Solana's speed and low fees make it one of the best blockchains for trading and DeFi. They also make it one of the best blockchains for scammers.
In 2025 alone, crypto users lost over $2 billion to phishing attacks, rug pulls, and wallet drainers across all chains — and Solana was disproportionately hit. The combination of cheap transactions (making scam token deployments nearly free), a massive memecoin market, and a constant stream of new users creates perfect hunting grounds.
The attacks are not sophisticated. Most scams rely on the same handful of tricks repeated thousands of times. Once you know the playbook, you can spot them before you lose a single lamport.
This guide covers every major scam type active on Solana in 2026, how each one works mechanically, and exactly what to do to protect yourself.
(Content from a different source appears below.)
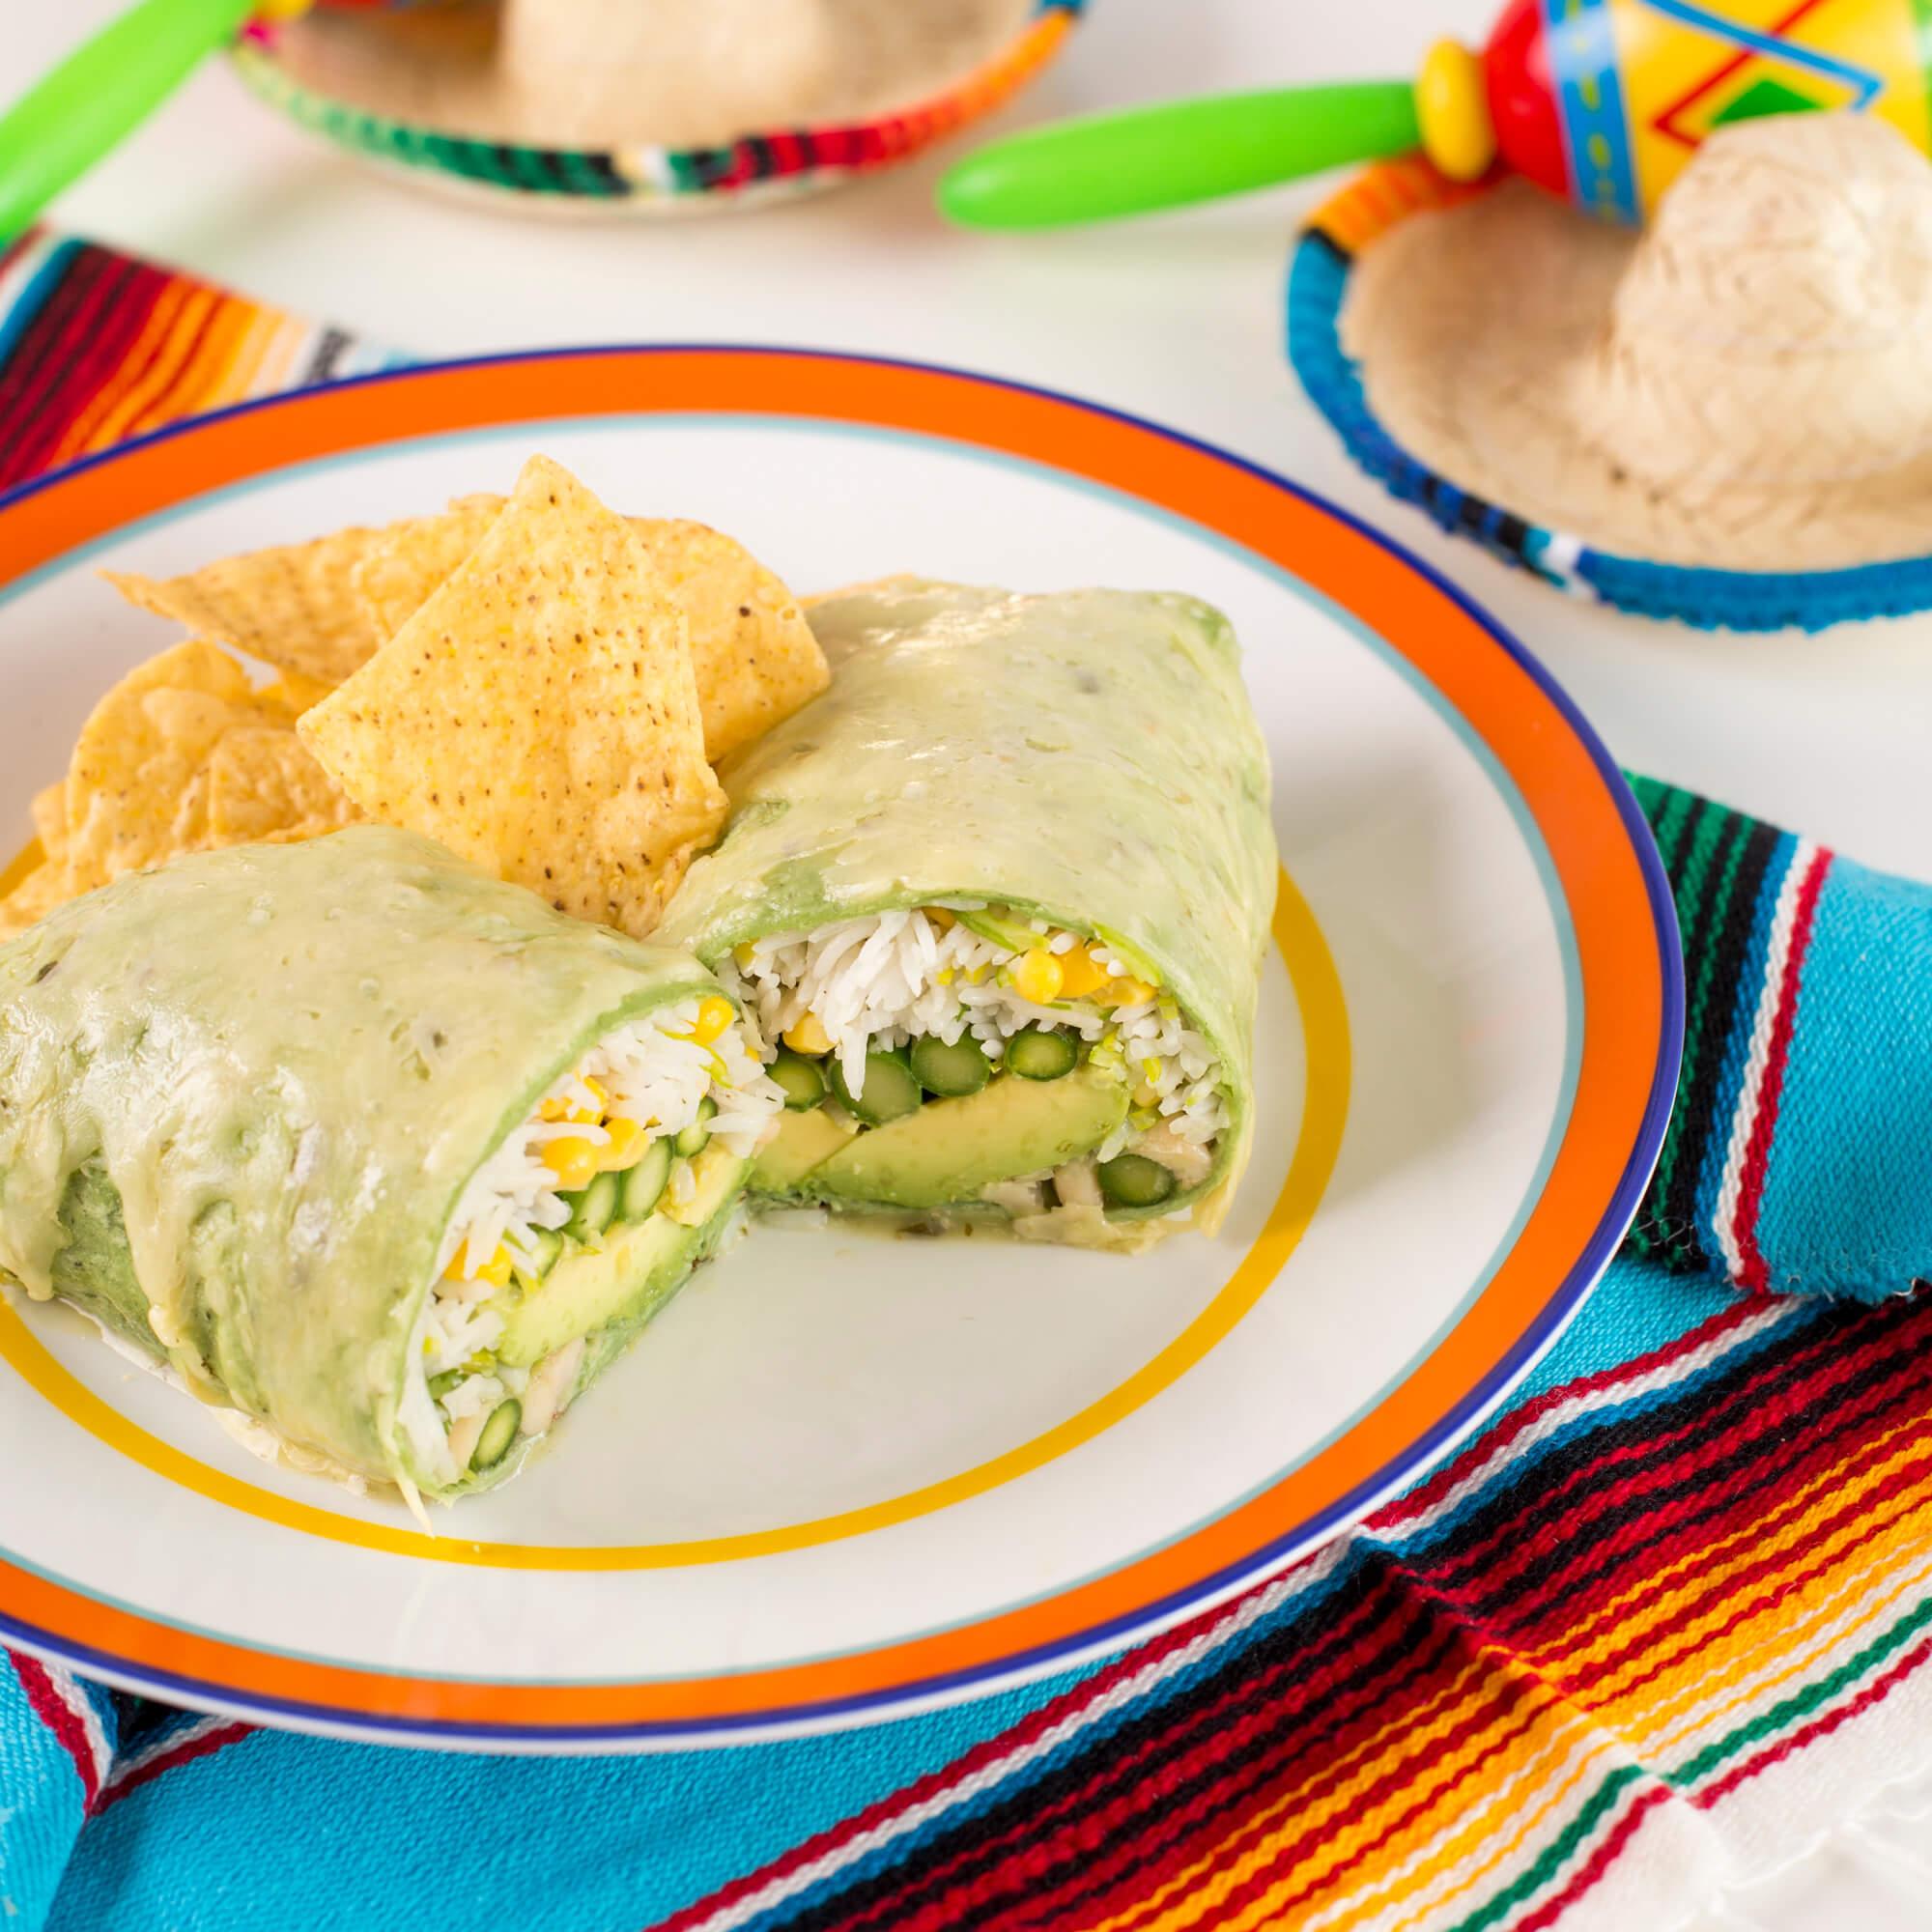 Green Royal Basmati Rice Burrito Enchilada Style

You open your wallet and see tokens you never bought. Maybe it is called "FREE $500 CLAIM" or "Jupiter Airdrop V2" or something with a legitimate project's name attached. The token's metadata includes a URL.
How it works:
- Scammers deploy a token for fractions of a penny on Solana
- They airdrop it to thousands of wallets by sending tiny amounts
- The token name or metadata contains a URL like
claim-jupiter-airdrop.com
- You visit the site, which looks like a real project's interface
- The site asks you to connect your wallet and "claim" your airdrop by signing a transaction
- That transaction is actually an approval or transfer that drains your real tokens and SOL
How to spot them:
- You never signed up for or qualified for the airdrop
- The token appeared in your wallet without any action on your part
- The token name contains a URL or instructions (legitimate tokens never do this)
- The "claim" site asks you to sign a transaction rather than just checking eligibility
- The URL is a slight misspelling of a real project's domain
What to do: Ignore them completely. Do not visit the URL. Do not try to sell the token (some are designed to fail on sell, wasting your SOL on fees). Do not interact with them at all. They will sit in your wallet harmlessly as long as you never interact. If they bother you visually, Phantom and Solflare both let you hide tokens from your portfolio view.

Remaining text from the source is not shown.